The listing below is to be given again in full and word for word, without its images.

(Dataset extract)
::::

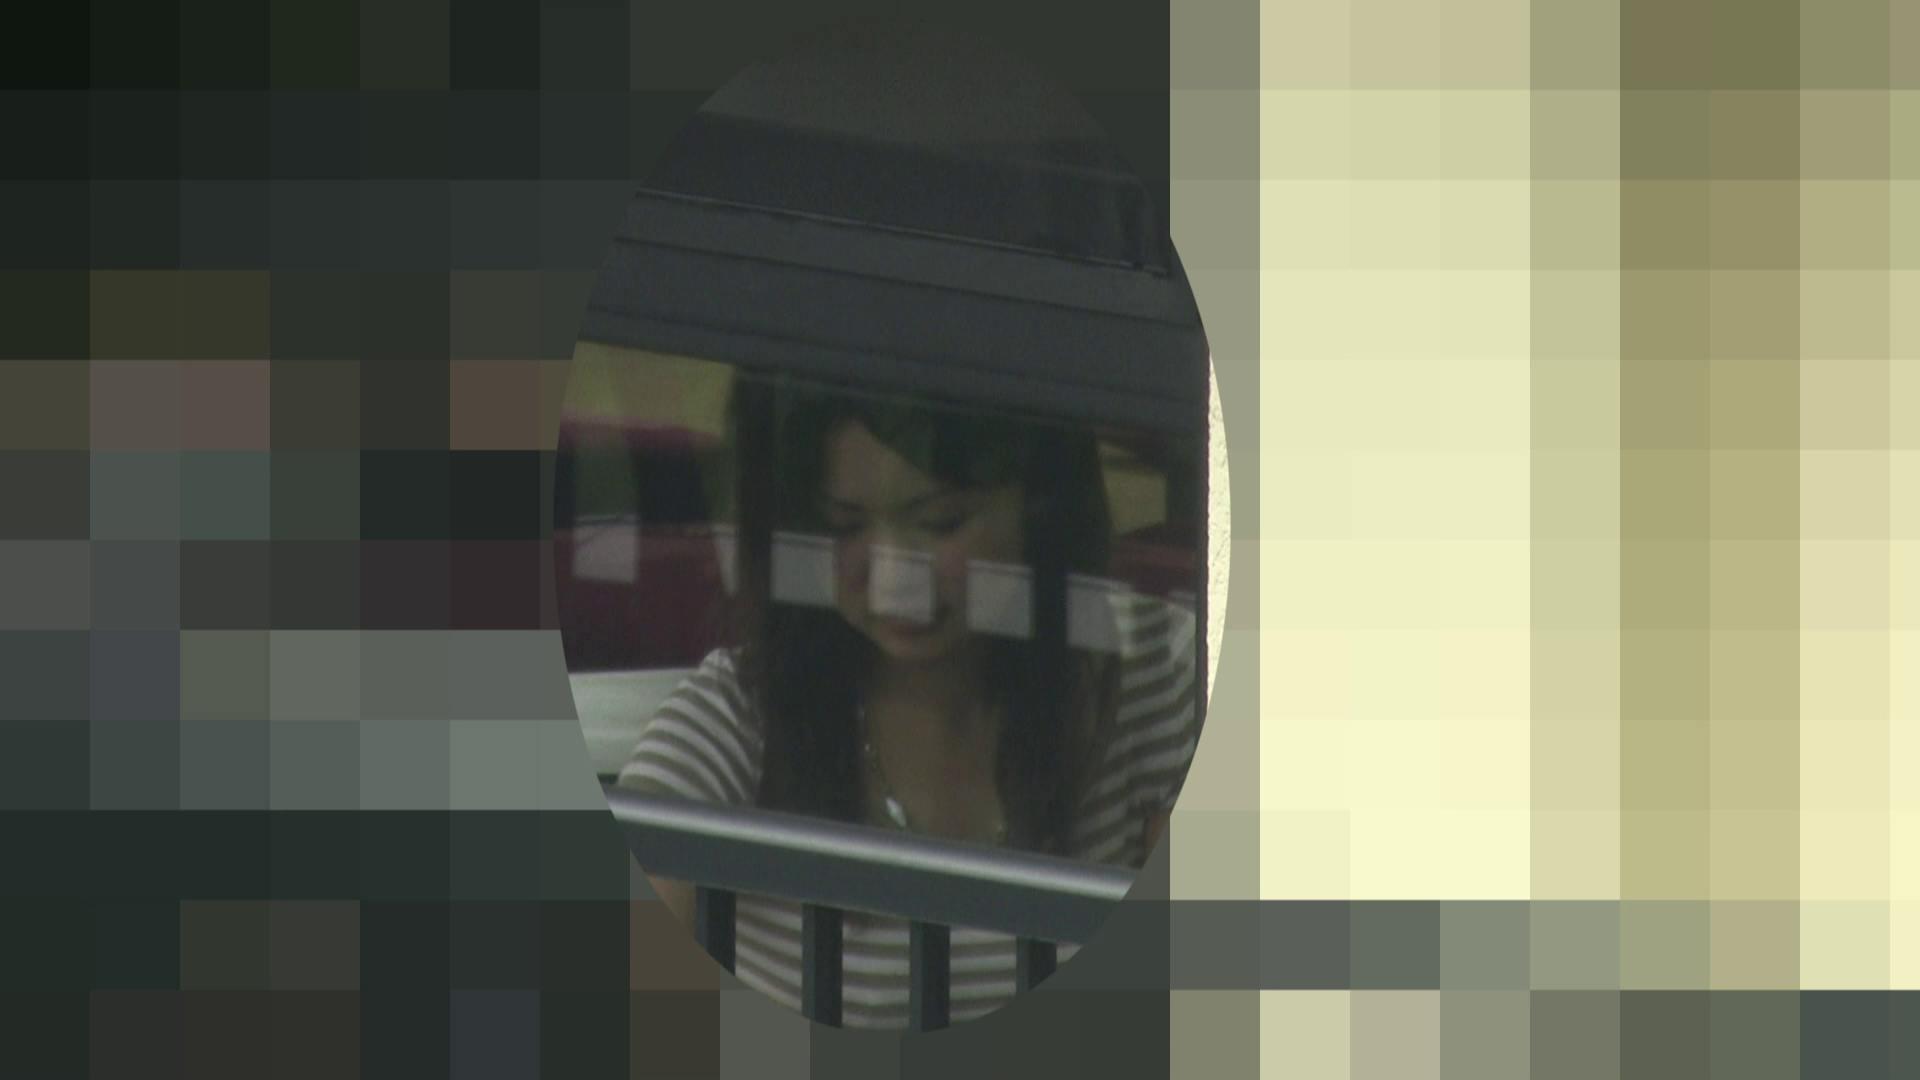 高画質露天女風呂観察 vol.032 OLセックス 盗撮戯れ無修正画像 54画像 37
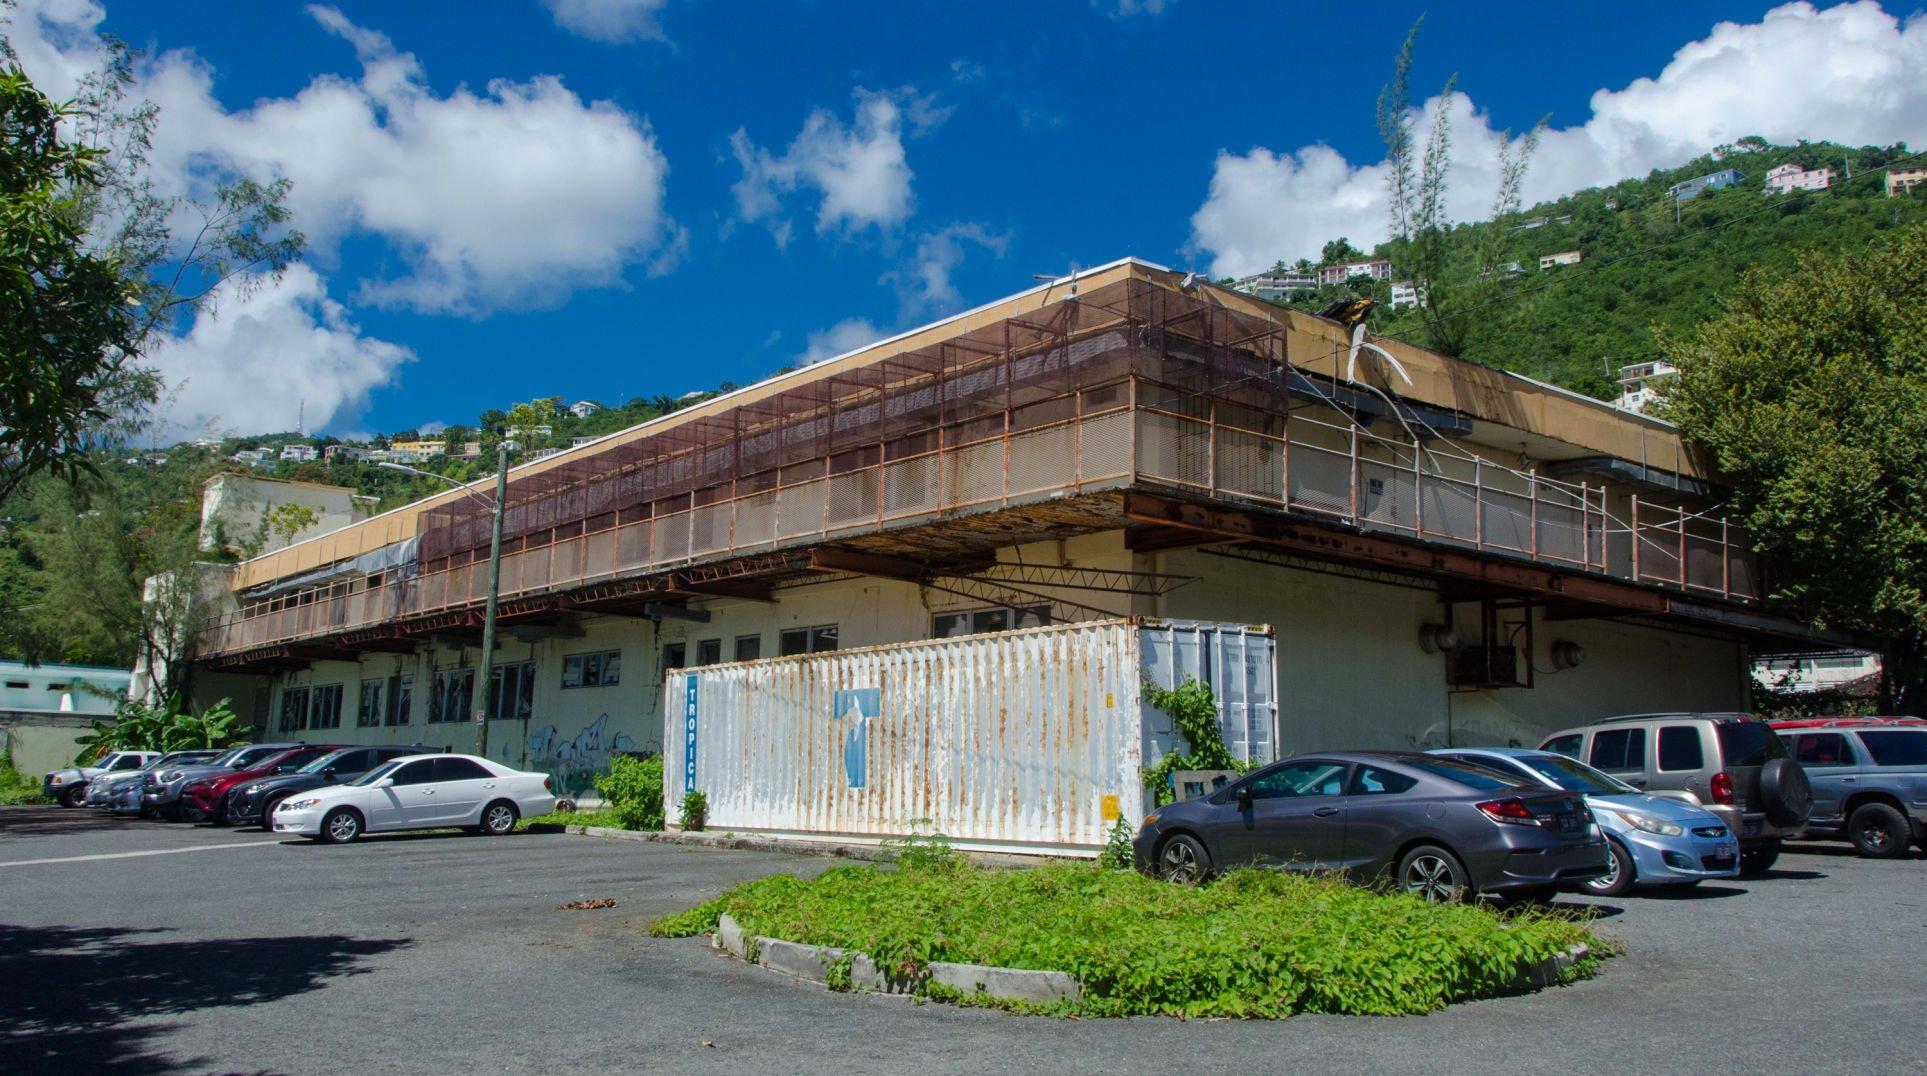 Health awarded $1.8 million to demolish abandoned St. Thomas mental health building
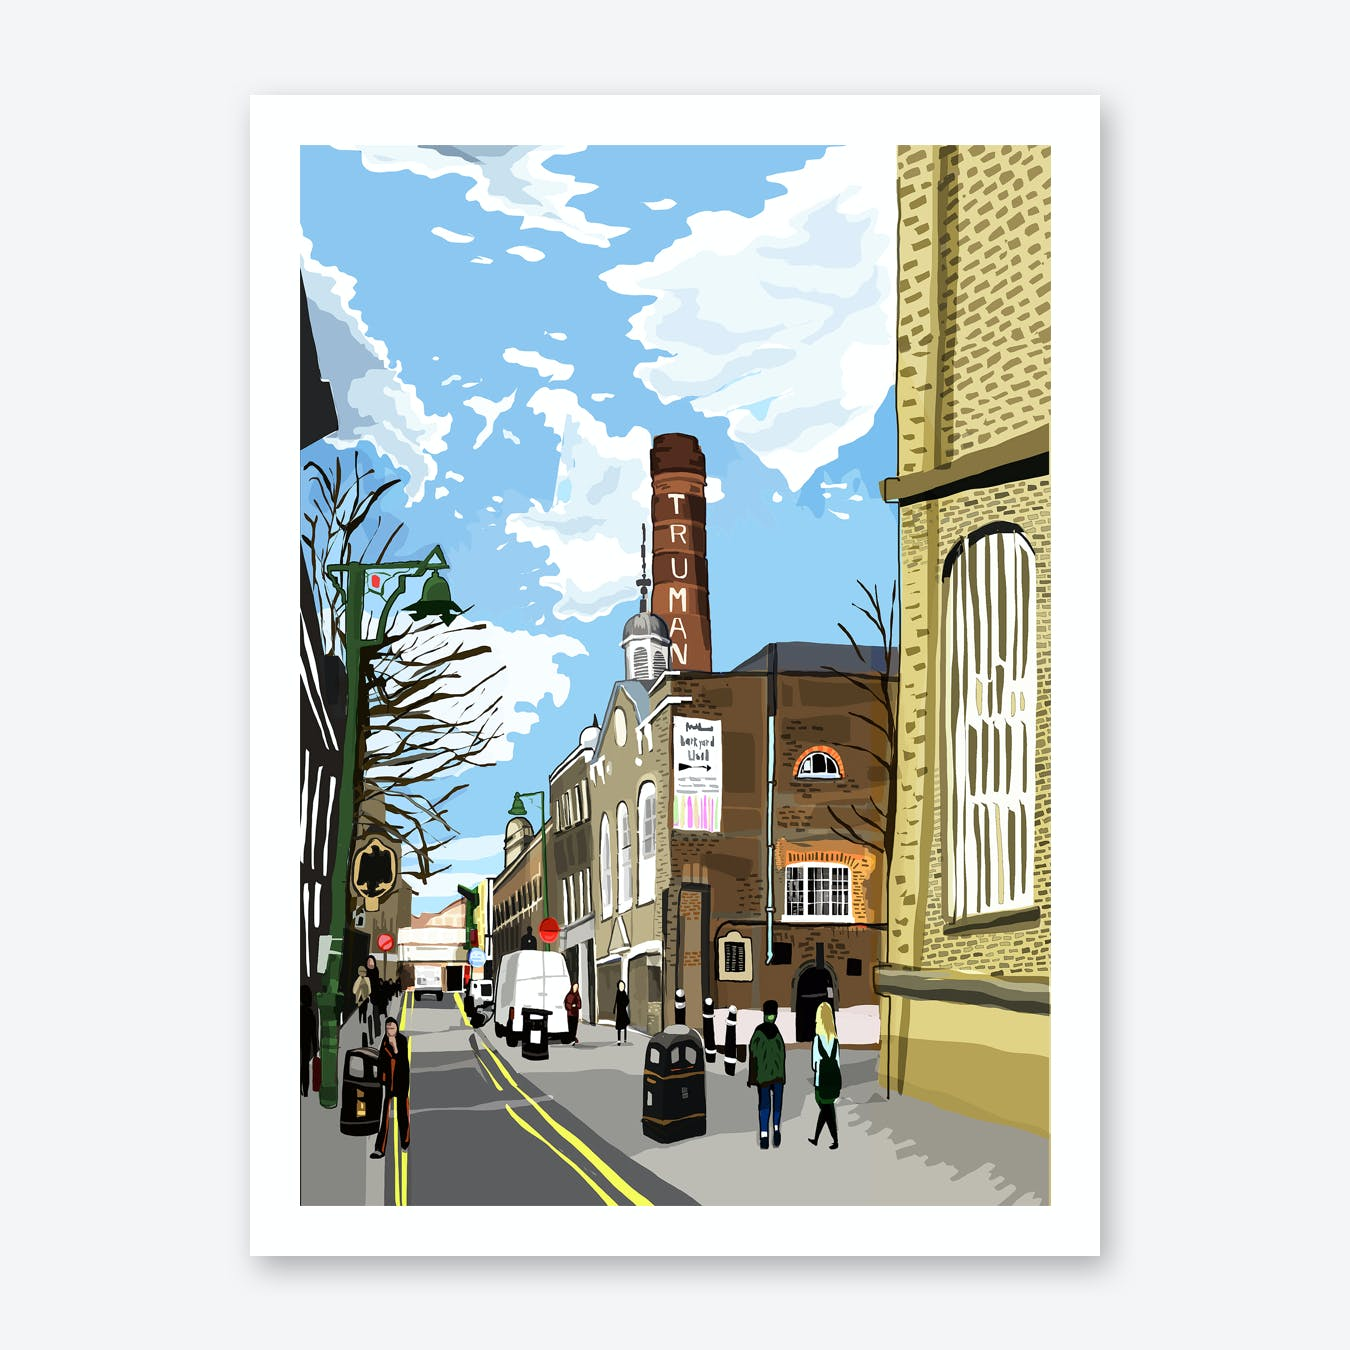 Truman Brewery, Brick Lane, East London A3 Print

::::

(Worked solution)
 高画質露天女風呂観察 vol.032 OLセックス 盗撮戯れ無修正画像 54画像 37
 Health awarded $1.8 million to demolish abandoned St. Thomas mental health building
 Truman Brewery, Brick Lane, East London A3 Print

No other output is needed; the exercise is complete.